Hampshire eco-dyer showed work in Houses of Parliament
Christine Highnett is a textile artist based in Wash Water.
Her creative journey has been underpinned by several formal courses and qualifications.
An Open College of the Arts course in textiles led to an HNC qualification in 1998, and an opportunity to present her work in the Houses of Parliament. Since then she has gained a distinction in City & Guilds Historical Heirloom Machine Embroidery.
Christine uses a combination of techniques in creating her expressive silk sculptural forms and wall plaques.
It’s her interpretation of themes alongside application of techniques which turn a solid craft skill base into an art form.

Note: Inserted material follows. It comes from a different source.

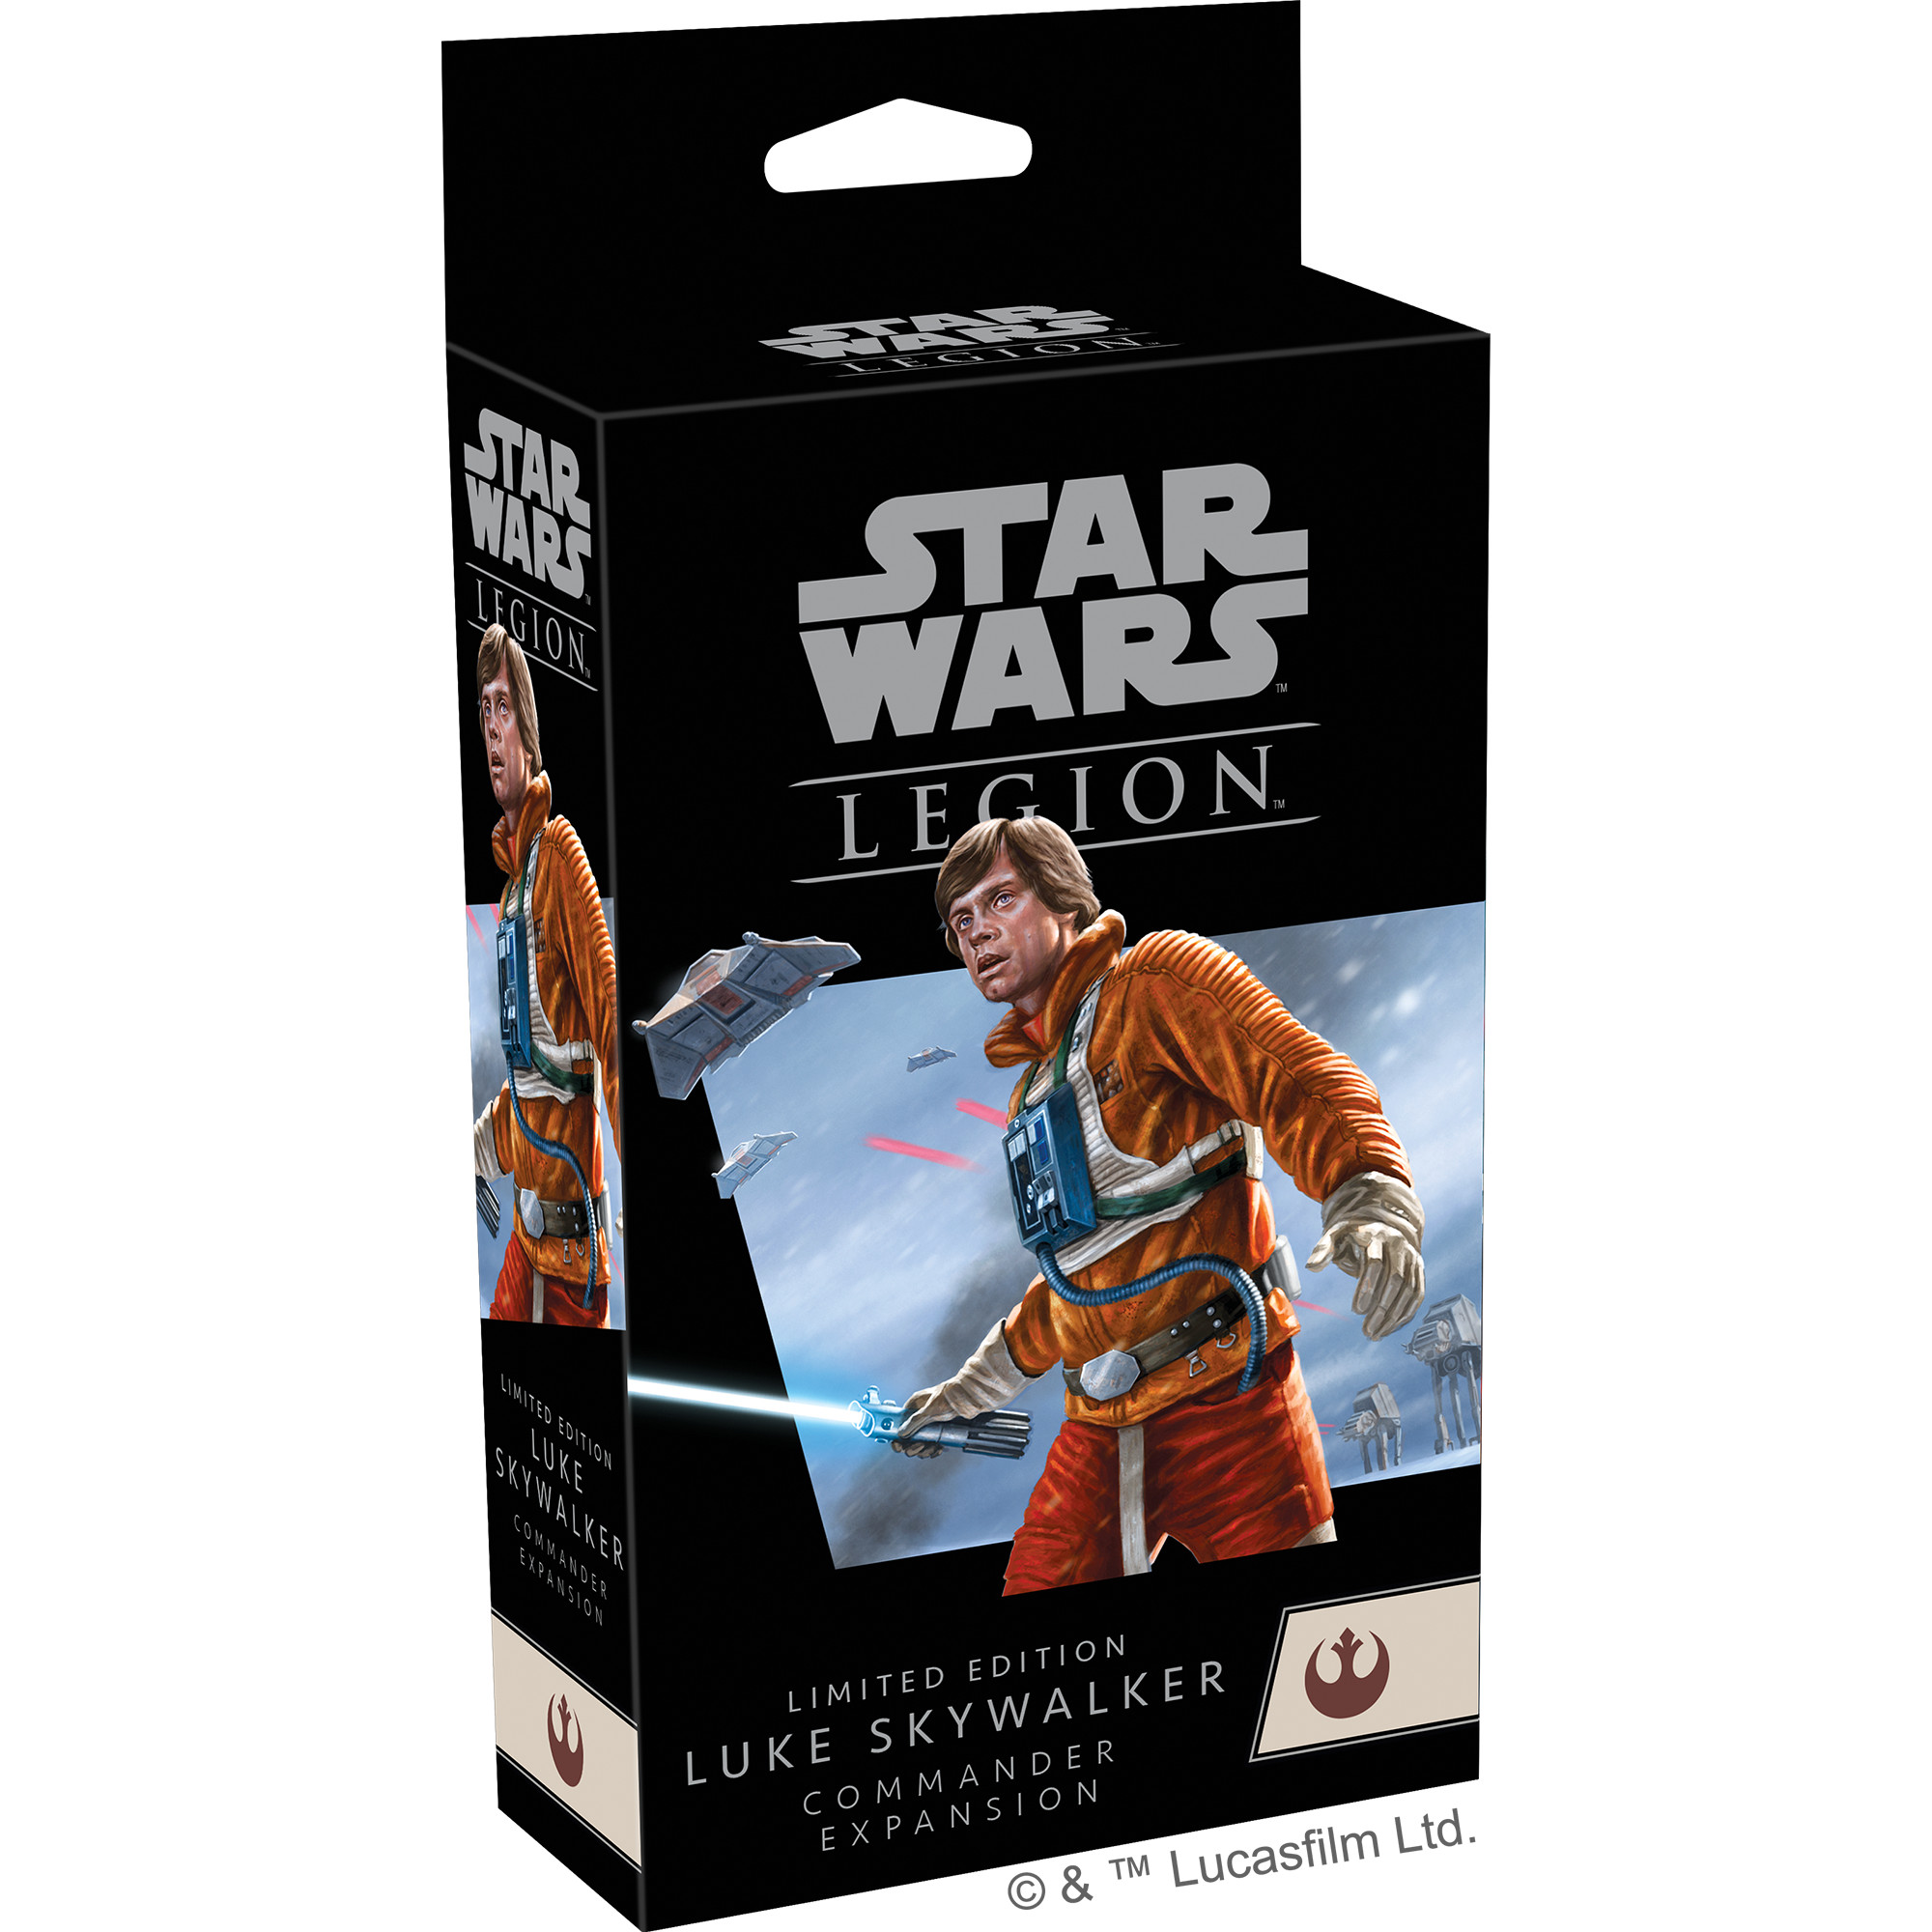 Packaging art for the Special Edition Luke Skywalker Commander

Her research explores textiles, art and photography to give a fusion of styles and ideas to create a contemporary version, embracing traditional and new techniques.
The latest of these is eco dying.
Christine loves the idea of using flowers, leaves and roots to create images on fabric and paper at random. The images are never the same, always unique.
Learning a new process during lockdown involved internet and library research into textile design and processing, and contacting colleagues in textile groups.
Materials had to be readily available close to home, and so initial experiments were with blackberry leaves and fruit from her garden.
She has since added hardy geranium leaves, rose flowers, rosemary leaves and onion skins, as well as eucalyptus, with successful results.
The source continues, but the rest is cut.